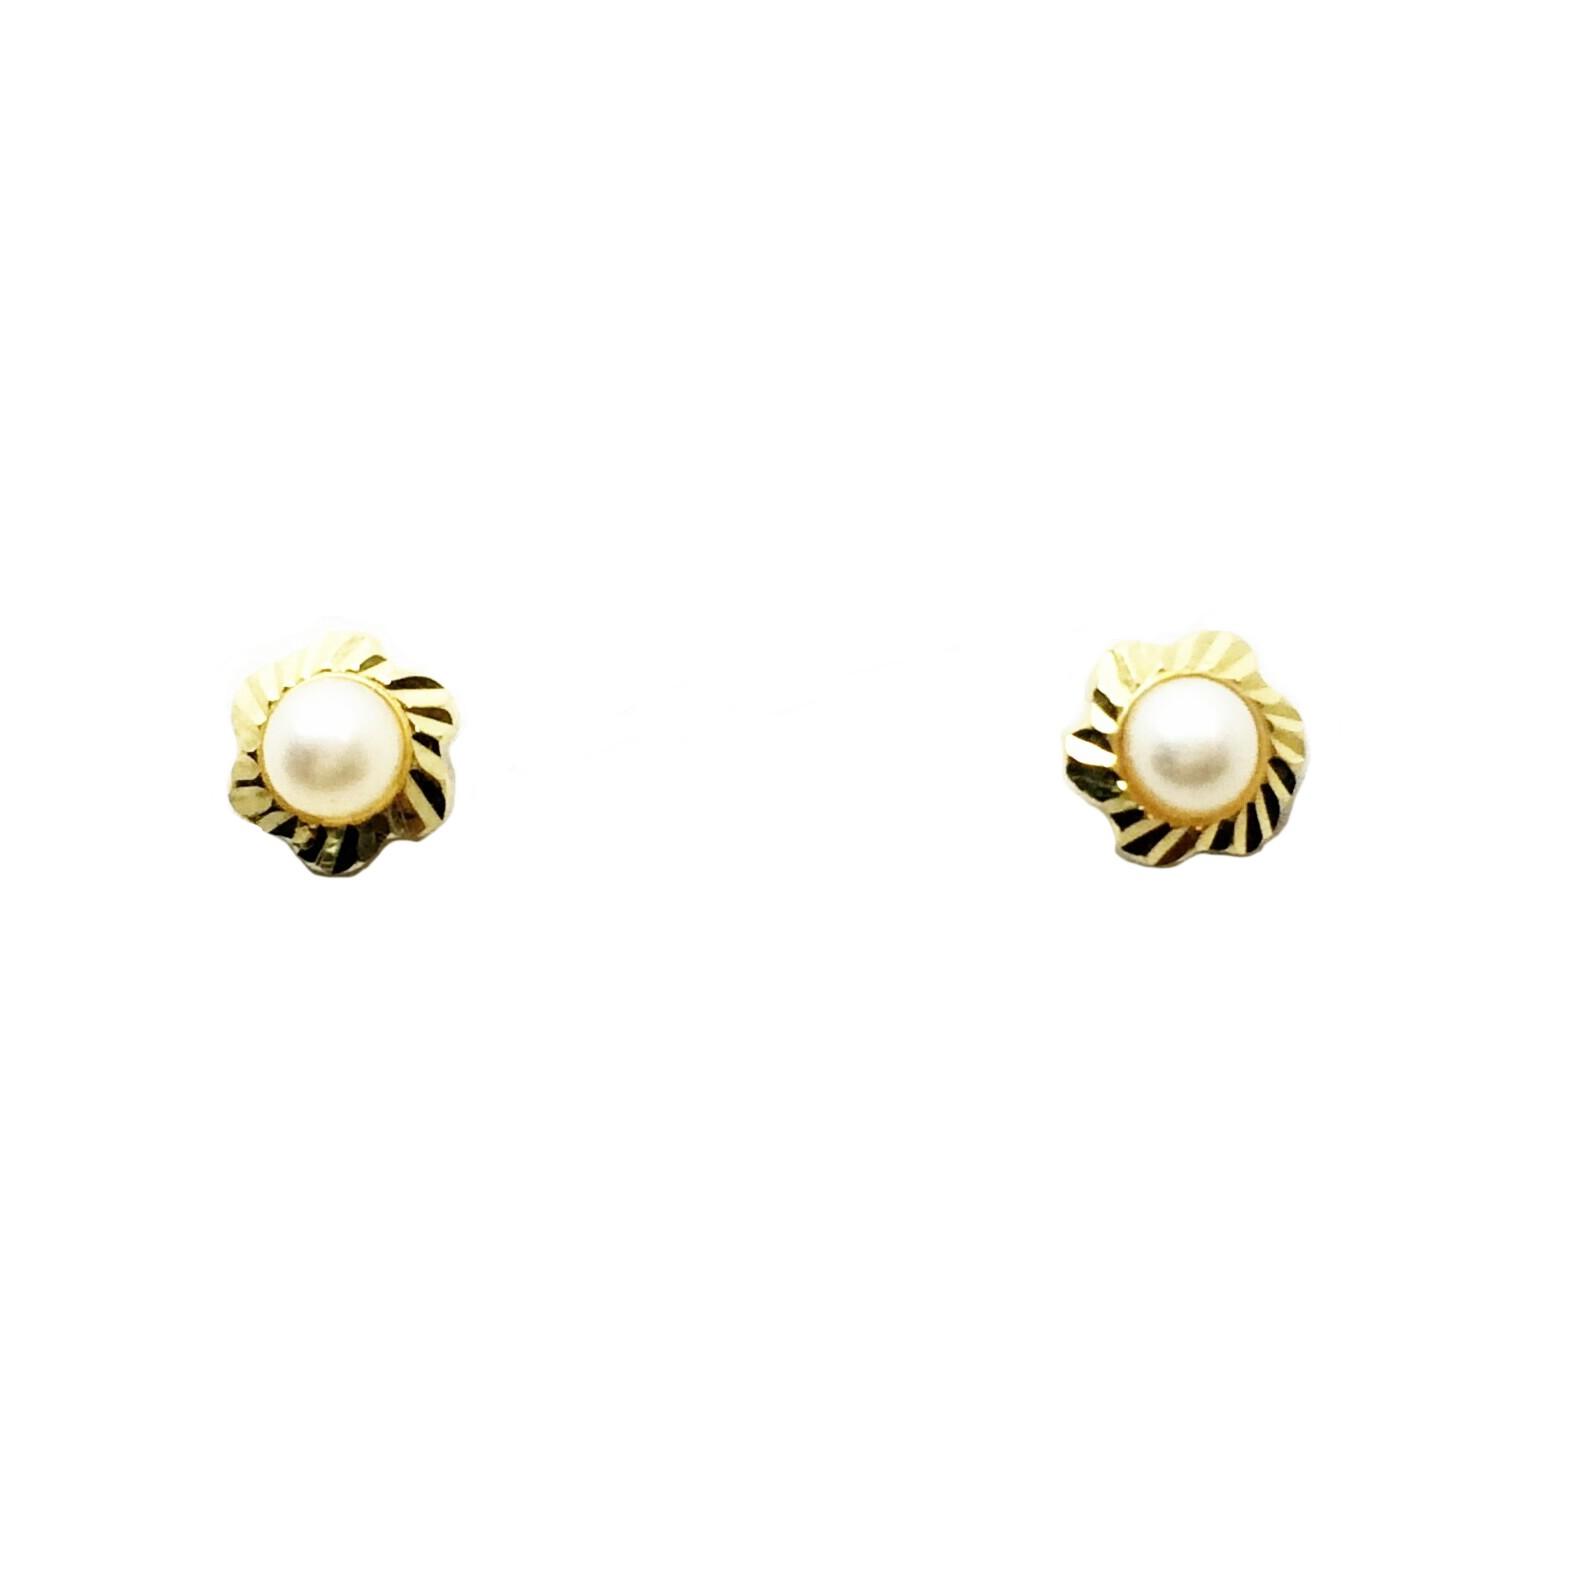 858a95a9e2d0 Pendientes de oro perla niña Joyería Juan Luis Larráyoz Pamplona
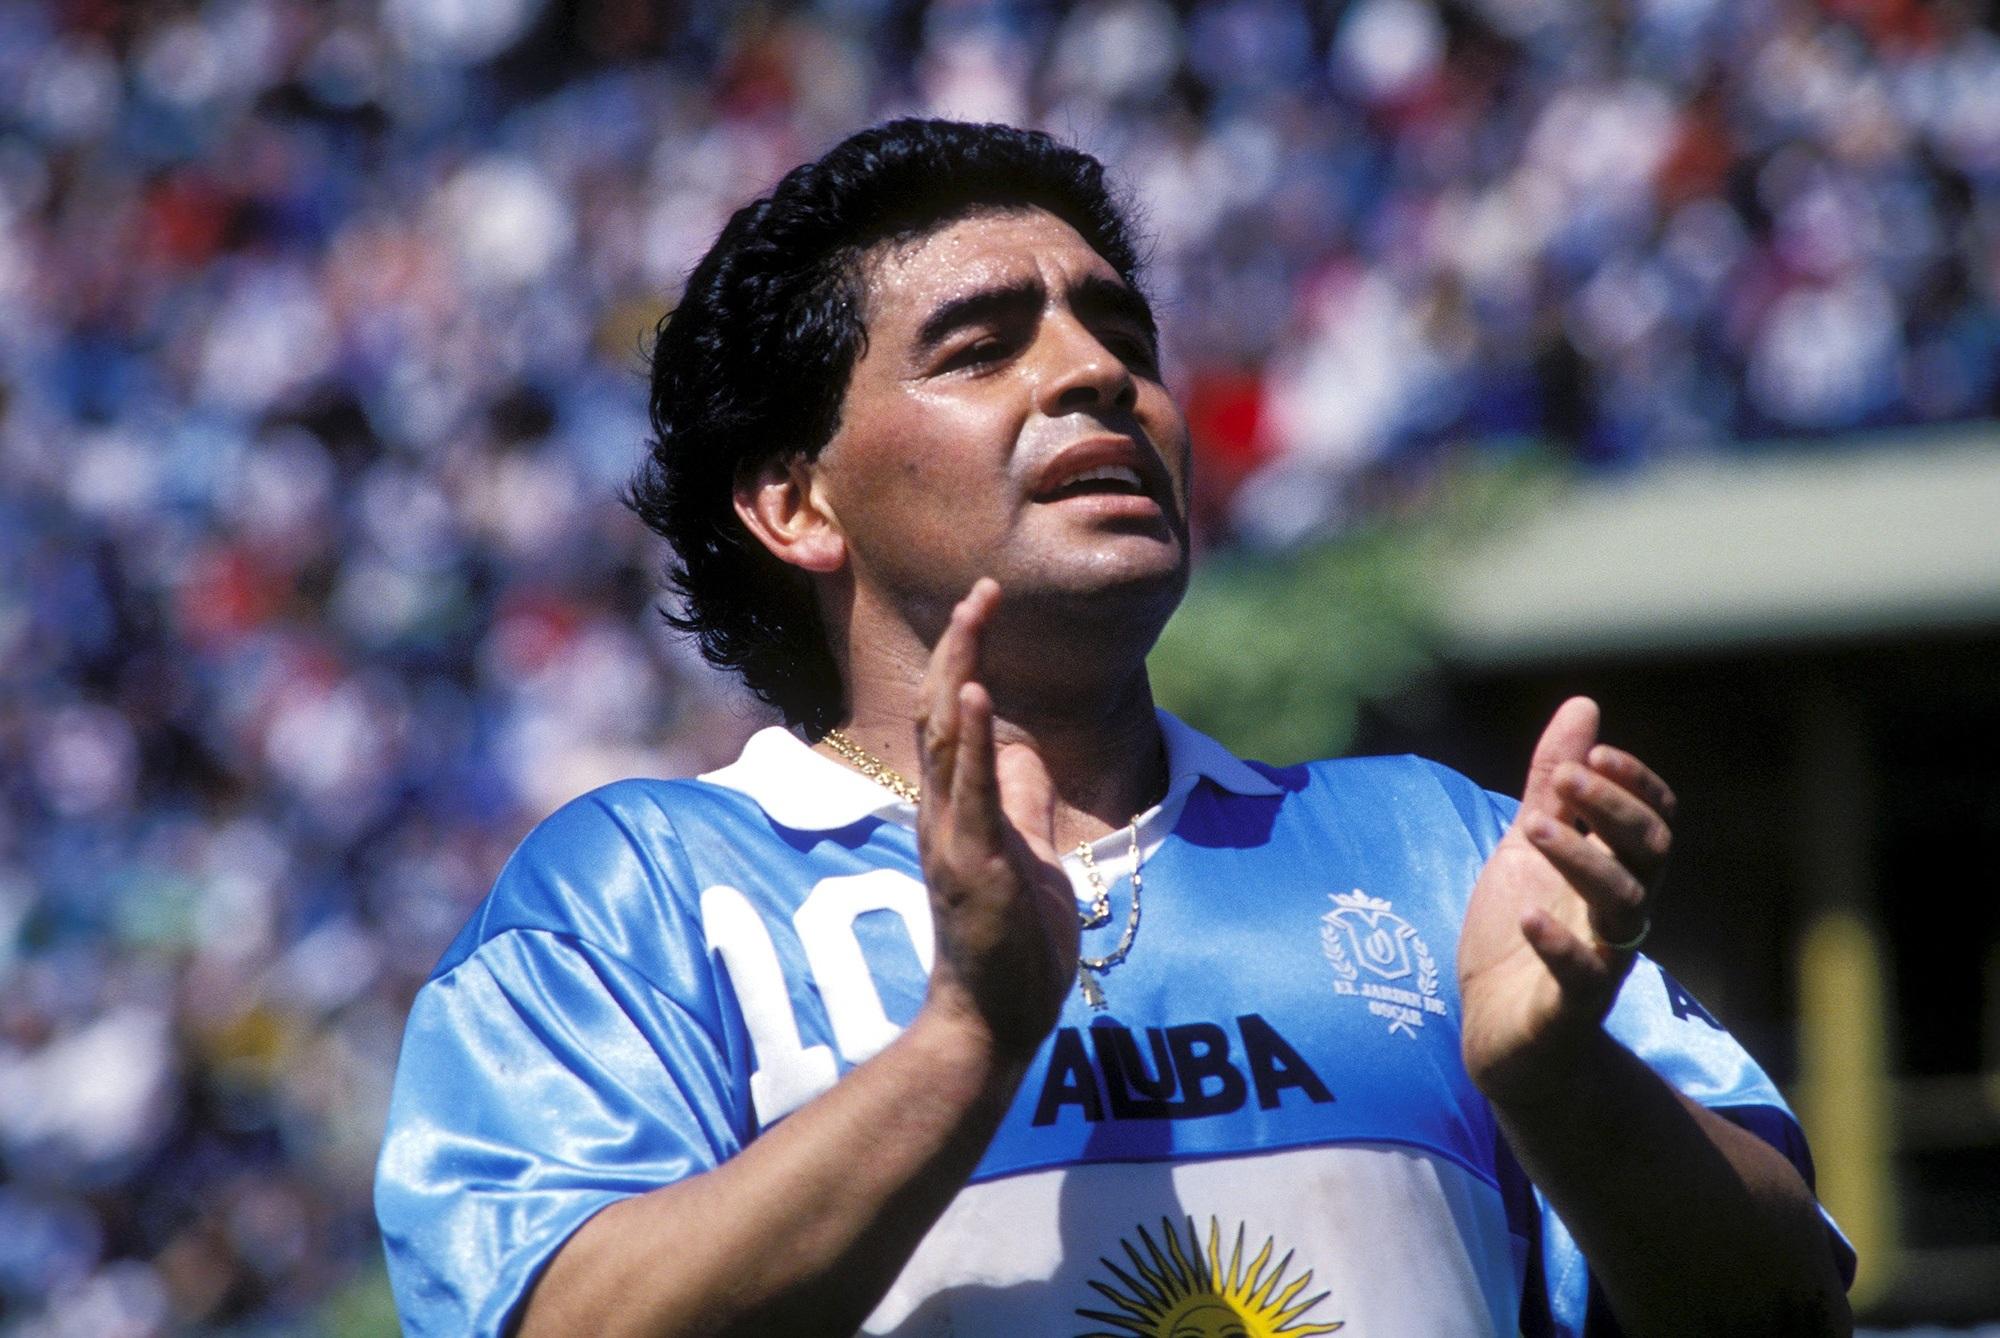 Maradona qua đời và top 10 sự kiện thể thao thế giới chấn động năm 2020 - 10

...

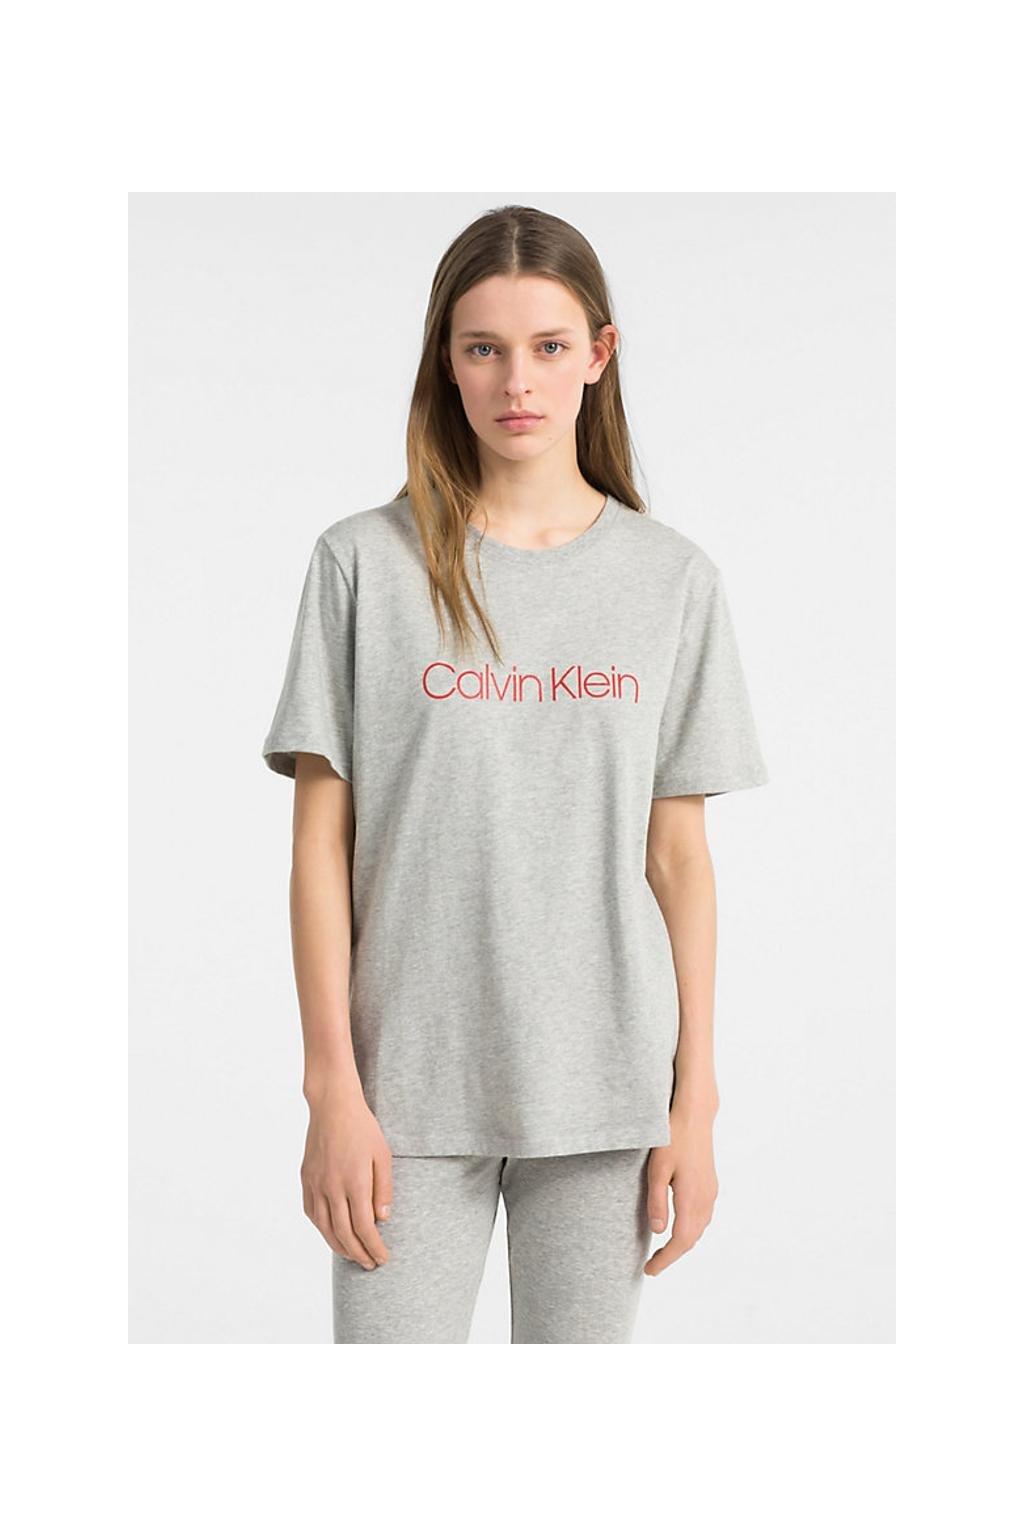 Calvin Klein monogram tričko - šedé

==

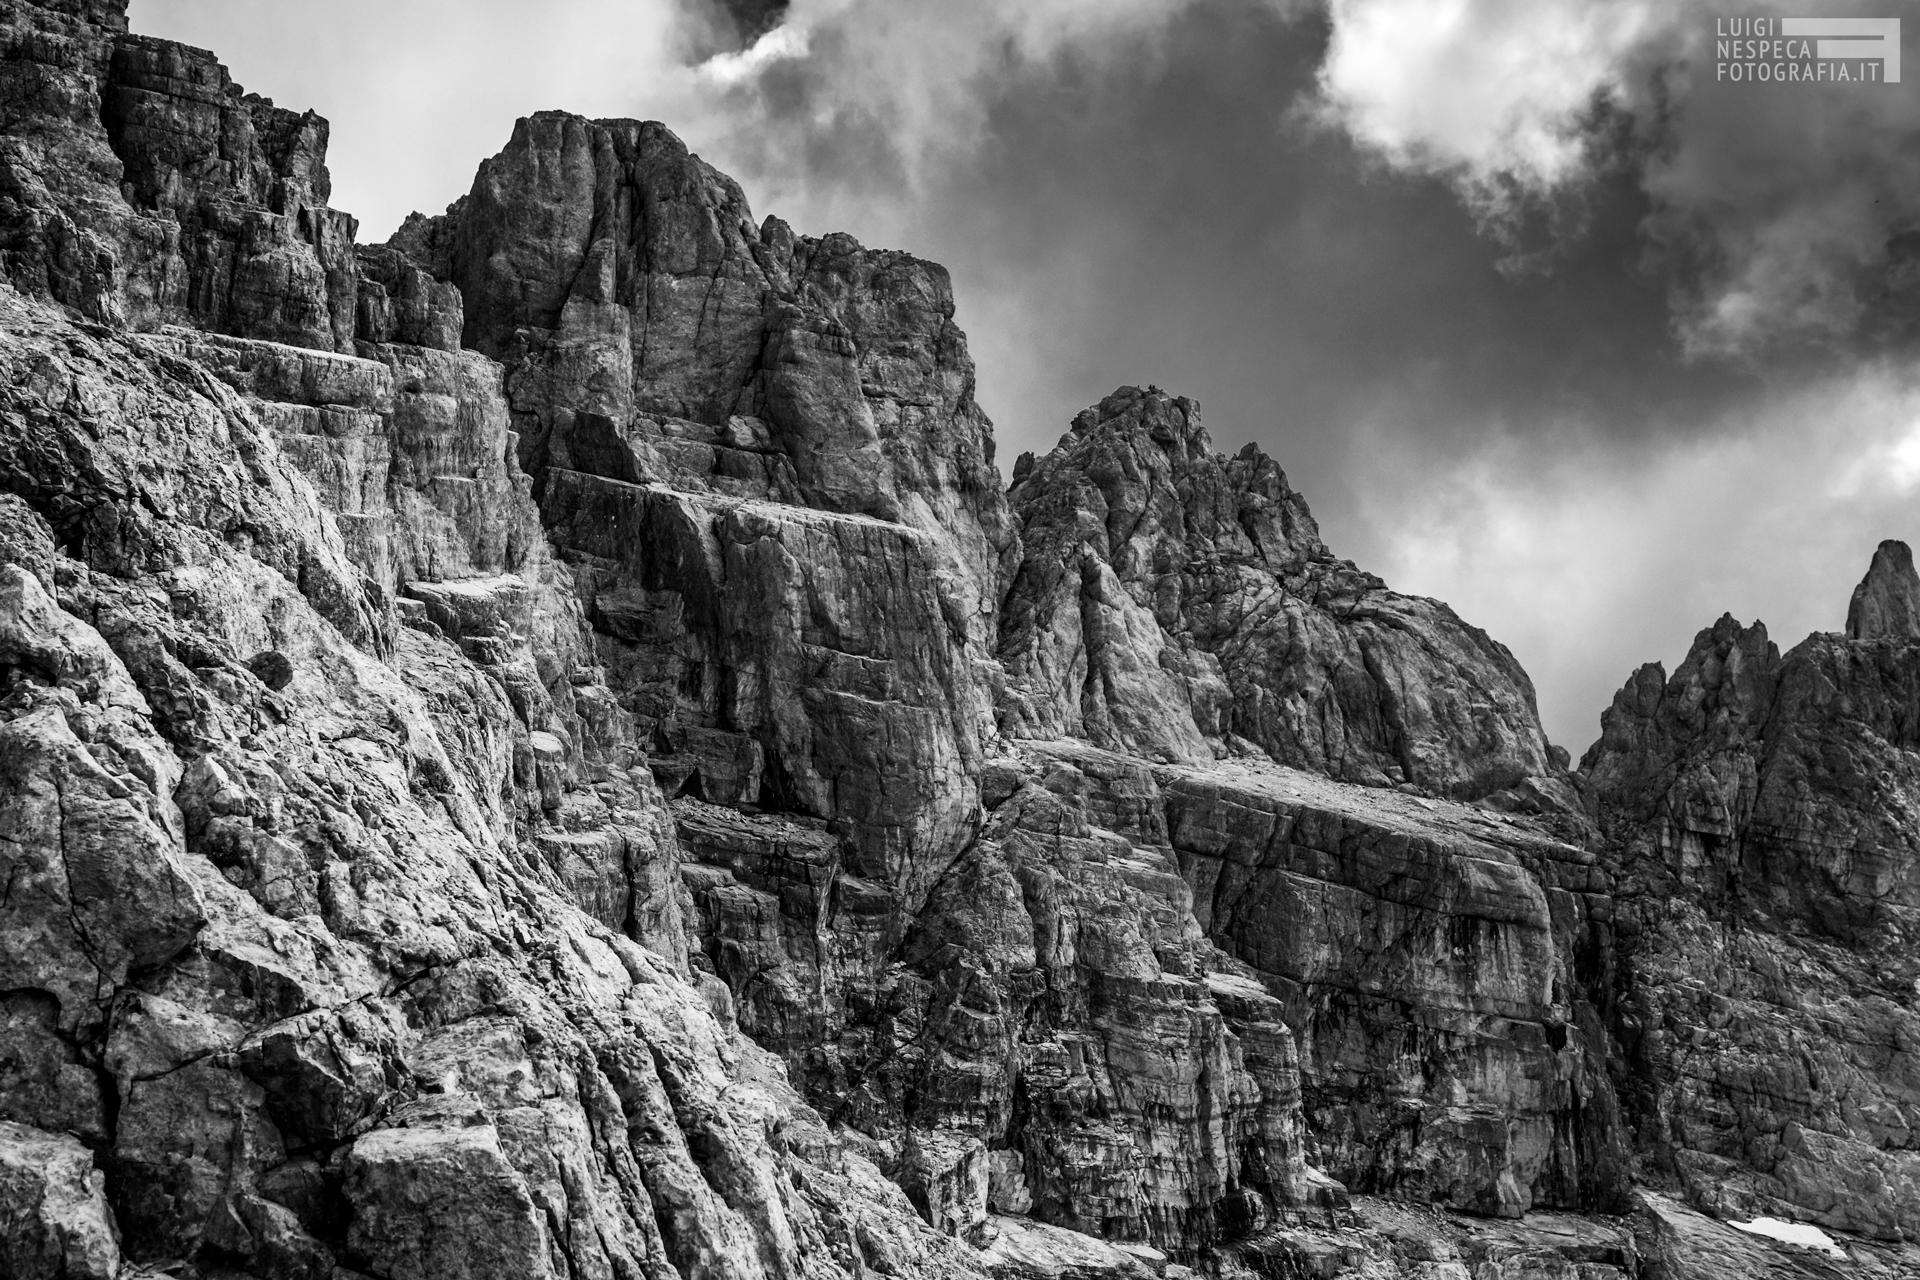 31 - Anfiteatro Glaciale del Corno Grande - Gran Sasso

> **Problem details**
Set down, exactly as written above, each line from the one with "858a95a9e2d0 Pendientes de" through the one with "Maradona qua đời", and skip the pictures.

> **Task output**
 858a95a9e2d0 Pendientes de oro perla niña Joyería Juan Luis Larráyoz Pamplona
 Maradona qua đời và top 10 sự kiện thể thao thế giới chấn động năm 2020 - 10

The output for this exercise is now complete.